Dr. NELTE: Als u zich van deze feiten bewust was, maakte u of de Generale Staf van het leger of de Opperbevelhebber van het leger hierover geen bezwaren tegen Hitler?
PAULUS: Persoonlijk weet ik niet in welke vorm de Opperbevelhebber van het leger al of niet protesteerde.
Dr. NELTE: Hebt u zelf over uw twijfels gesproken met Generaloberst Halder of met Opperbevelhebber von Brauchitsch?
PAULUS: Als ik het goed heb geloof ik dat ik verondersteld wordt hier te zijn als getuige voor de gebeurtenissen waarvan de beklaagden worden beschuldigd. Ik verzoek het Tribunaal daarom, mij te ontslaan van mijn verplichting antwoord te geven op deze vragen die tegen mijn persoon gericht zijn.

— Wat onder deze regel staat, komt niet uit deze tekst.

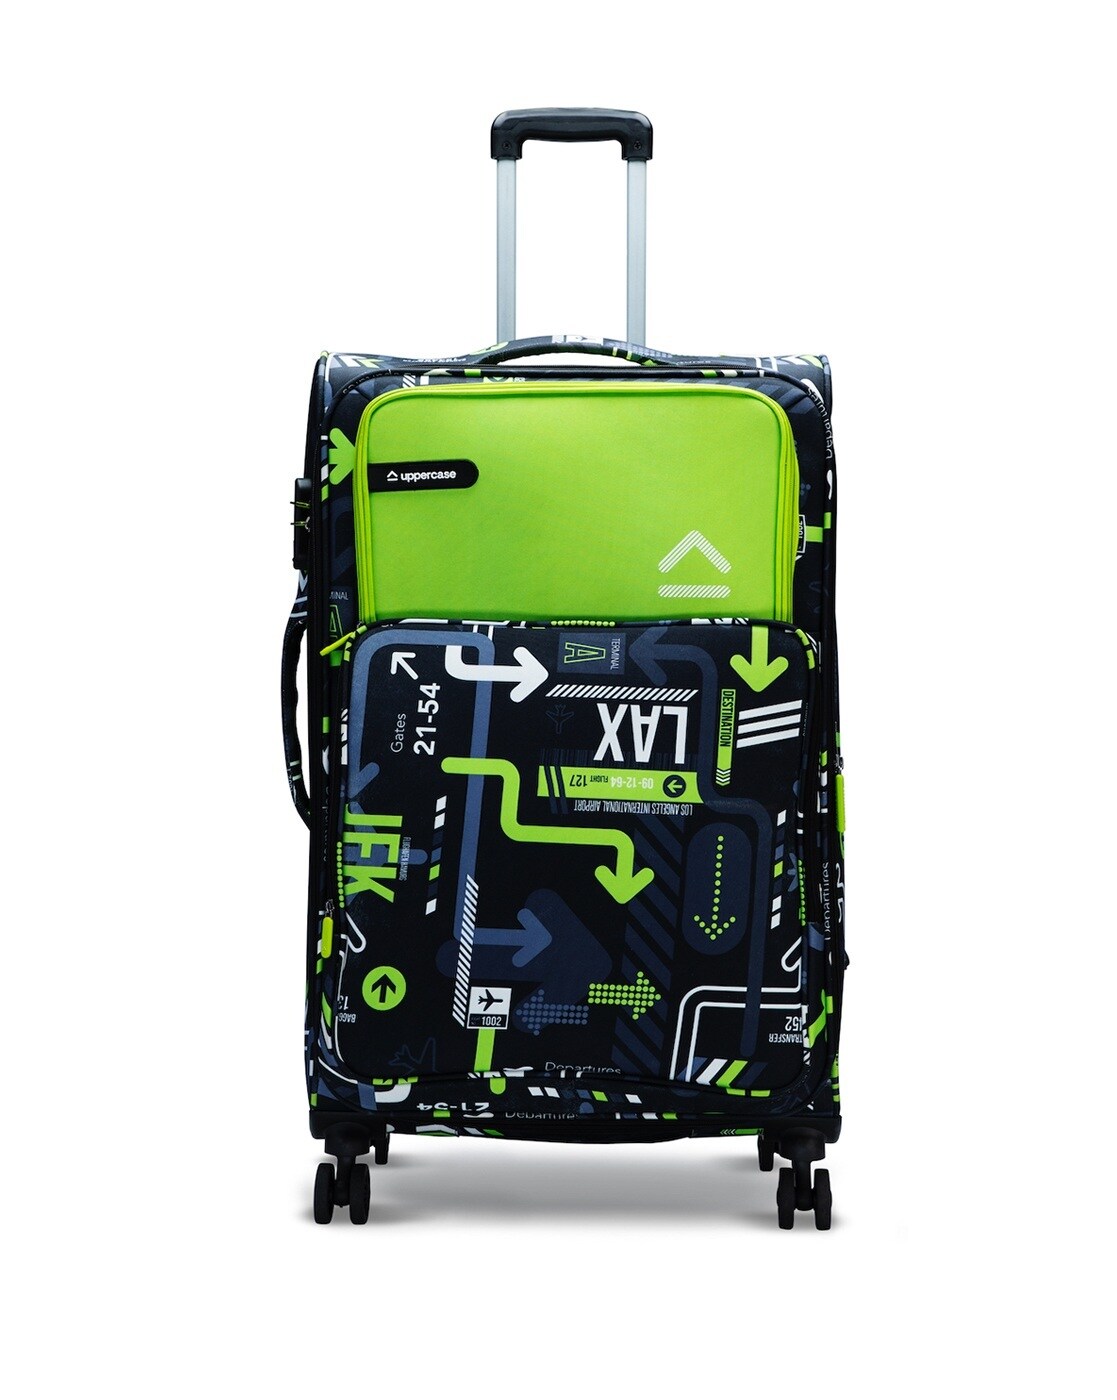 VIP luggage trolley bag new model with new offer exchange offer  international trolley bag  YouTube

Dr. NELTE: Feldmarschall Paulus, u weet blijkbaar niet dat u ook behoort tot de kring van de beklaagden omdat u deel uitmaakte van het Opperbevel dat hier als misdadig is aangeklaagd.
PAULUS: En daarom, omdat ik meen dat ik hier ben als getuige voor de gebeurtenissen die hebben geleid tot de aanklacht tegen deze beklaagden hier, heb ik verzocht mij te ontslaan van de verplichting deze vraag te beantwoorden die mijzelf betreft.
Dr. NELTE: Ik verzoek het Tribunaal hierover te beslissen.
De PRESIDENT: Het Tribunaal is van mening dat u de vragen die tot nu toe aan u gesteld zijn moet beantwoorden.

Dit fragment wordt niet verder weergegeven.